BEGIN DATASET EXTRACT

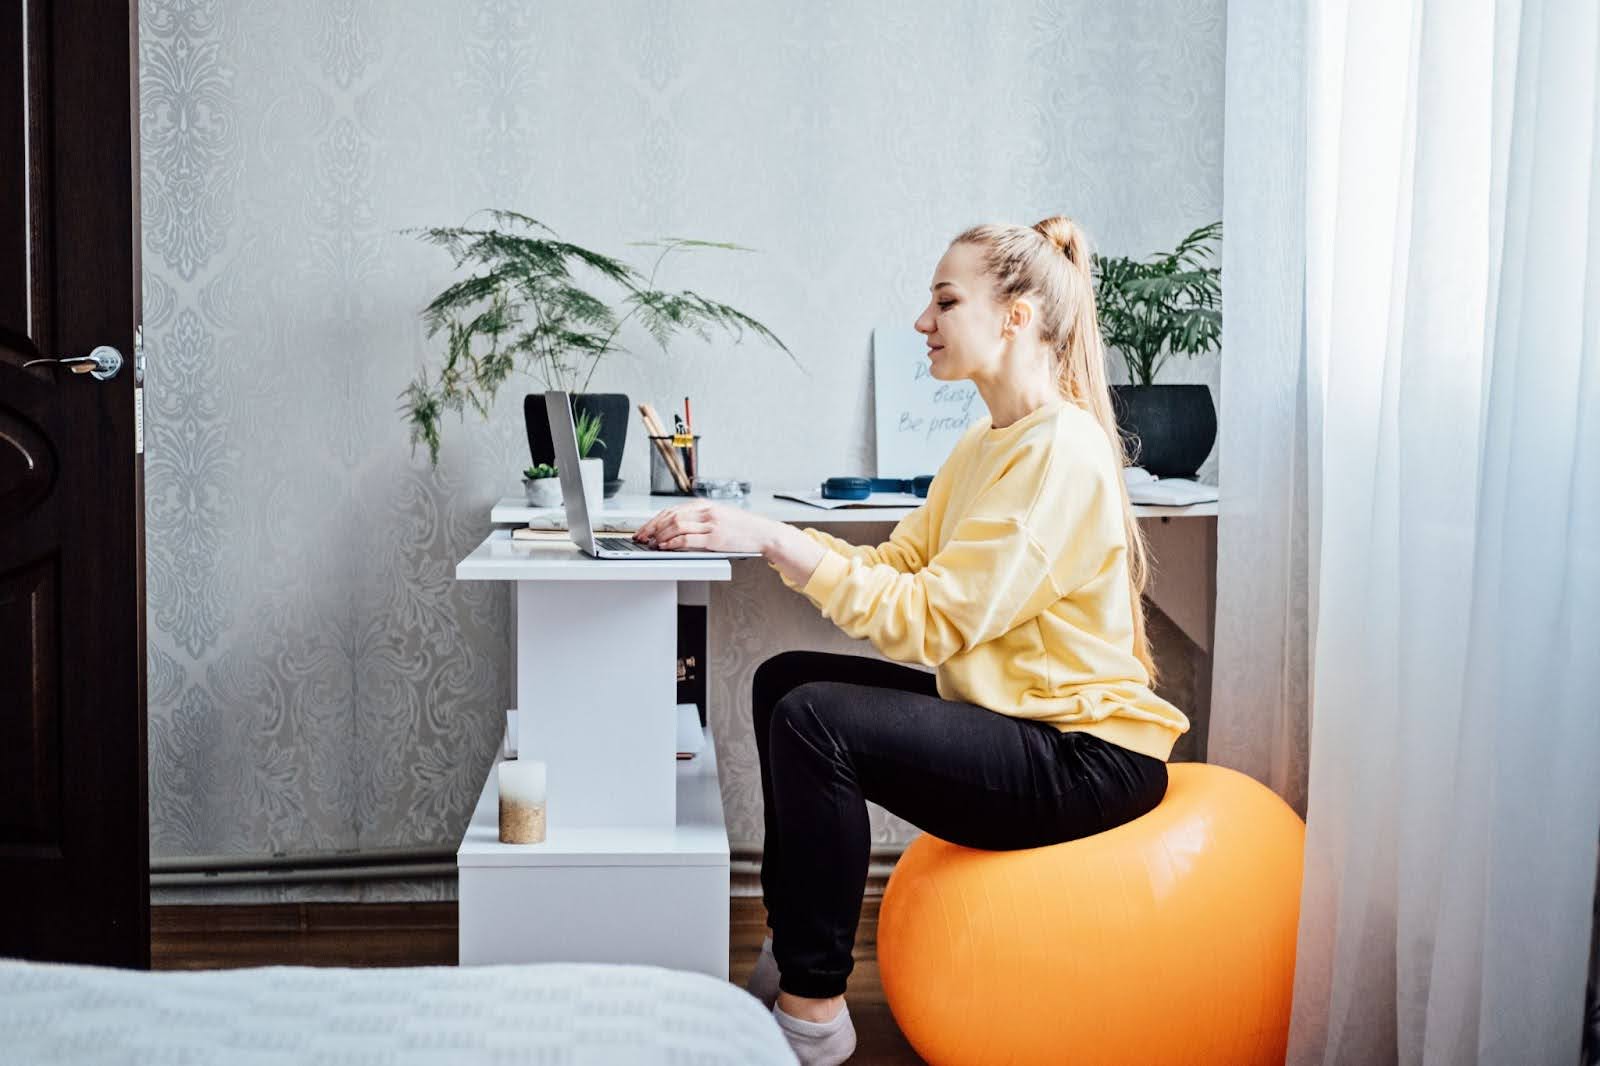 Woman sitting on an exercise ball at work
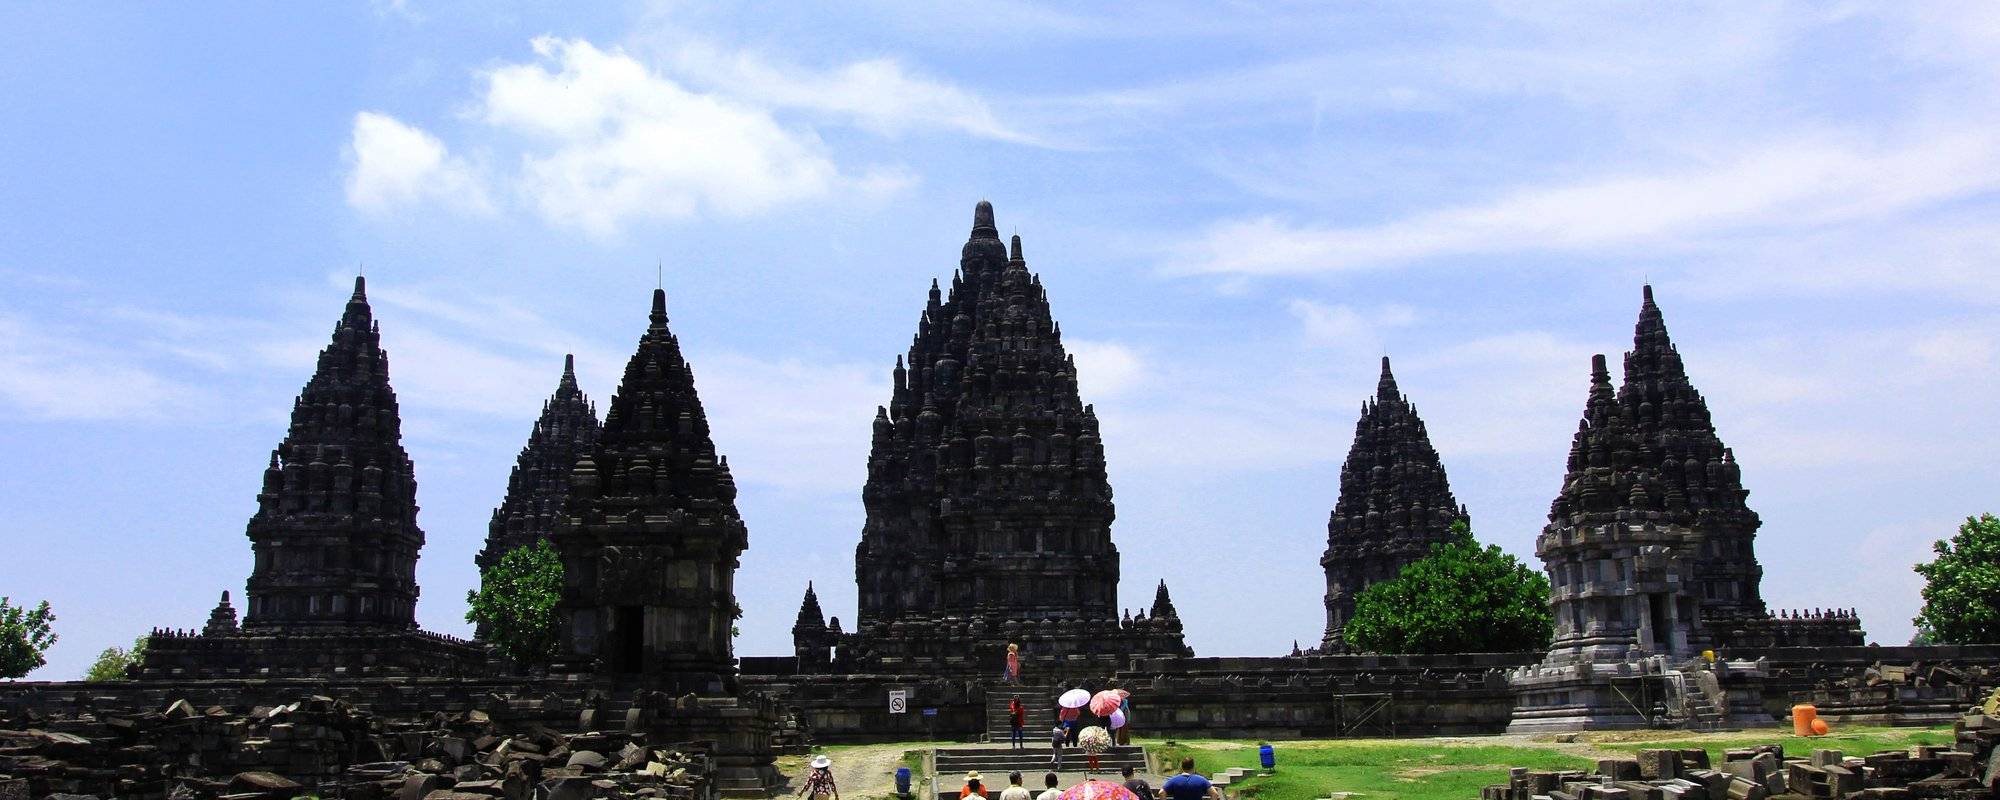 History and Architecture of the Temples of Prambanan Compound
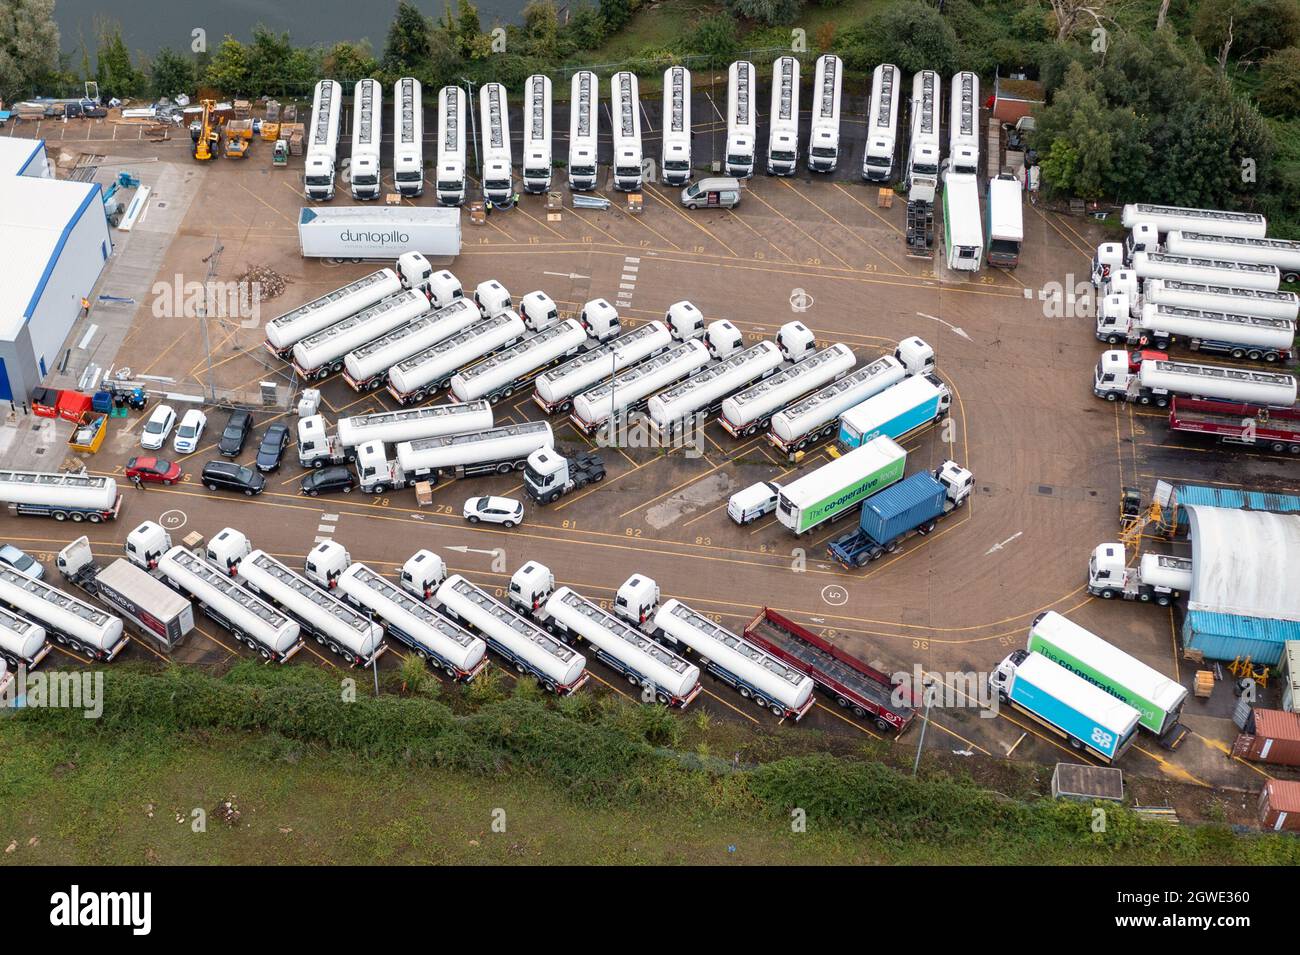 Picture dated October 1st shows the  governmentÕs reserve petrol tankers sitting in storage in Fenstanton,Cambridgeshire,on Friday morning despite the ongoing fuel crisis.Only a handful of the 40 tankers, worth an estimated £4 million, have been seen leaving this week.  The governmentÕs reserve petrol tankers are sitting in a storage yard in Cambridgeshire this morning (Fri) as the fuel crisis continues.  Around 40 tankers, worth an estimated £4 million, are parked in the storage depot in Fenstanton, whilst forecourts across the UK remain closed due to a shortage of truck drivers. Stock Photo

END DATASET EXTRACT

ACTION ITEM: Restate the whole listing above exactly, except for its images.

REPLY TO THE EXERCISE:
 Woman sitting on an exercise ball at work
 History and Architecture of the Temples of Prambanan Compound
 Picture dated October 1st shows the  governmentÕs reserve petrol tankers sitting in storage in Fenstanton,Cambridgeshire,on Friday morning despite the ongoing fuel crisis.Only a handful of the 40 tankers, worth an estimated £4 million, have been seen leaving this week.  The governmentÕs reserve petrol tankers are sitting in a storage yard in Cambridgeshire this morning (Fri) as the fuel crisis continues.  Around 40 tankers, worth an estimated £4 million, are parked in the storage depot in Fenstanton, whilst forecourts across the UK remain closed due to a shortage of truck drivers. Stock Photo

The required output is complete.